Tuesday, November 4, 2014
Beautiful Book #29
A Farmer's Alphabet by Mary Azarian. David R. Godine, 1981.
Every few years I mount a book display outside the collection called, "Black and White and Re(a)d All Over." You'd be surprised how many illustrated books use this simple yet stunning colour combination. Key among them is Azarian's 1981, woodblock tribute to the agricultural history of New England. Yes, I know: yet another alphabet book on this list and yet another woodblock artist. I confess that both are weaknesses for me. But there are many reasons to love this particular alphabet. The design of the book is simple, effective, and as matter-of-fact as its subject matter; the paper it is printed on is thick and creamy, making the book feel anything but mass-produced; and the representation of rural life depicted on its pages is honest: sentimental without being reductive or saccharine.

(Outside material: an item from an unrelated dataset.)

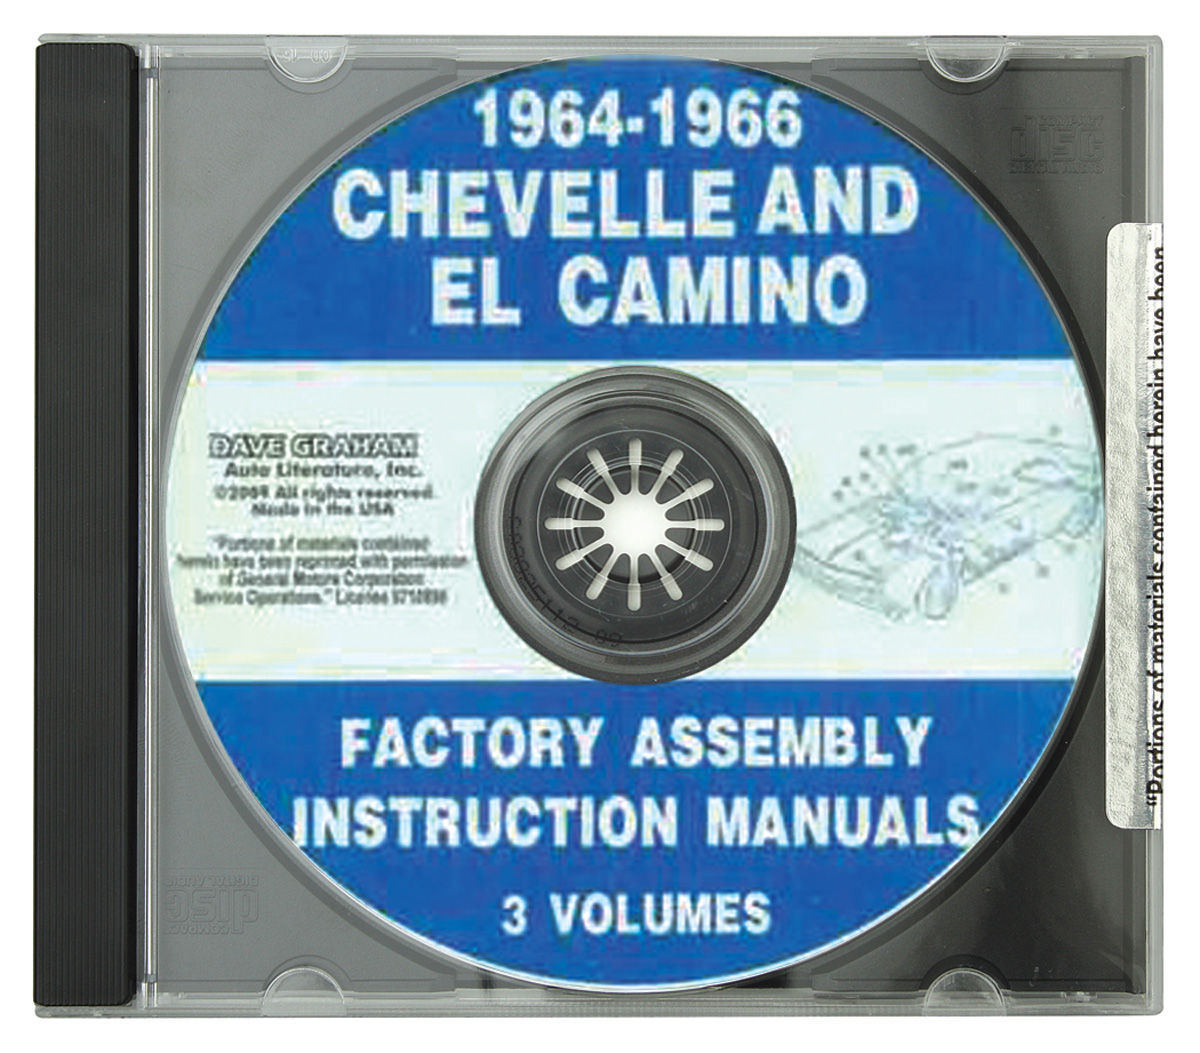 Assembly Manual, CD-ROM, 1964-66 Chevelle/El Camino

Too often in children's books the word, "farmer," is synonymous with "man," as if Old MacDonald is the only lens through which a child is allowed to imagine rural life. Azarian depicts a broader reality. The work on her farm is shared equally by man and woman, and the children represented live in a world of play. The book is a tribute to the family farm and that feels historic today, but was perhaps more contemporary to the time in which the book was published. I spent part of my childhood on a farm like this one, and I can't help but wonder how many such farms have been lost in North America over the last 40 years.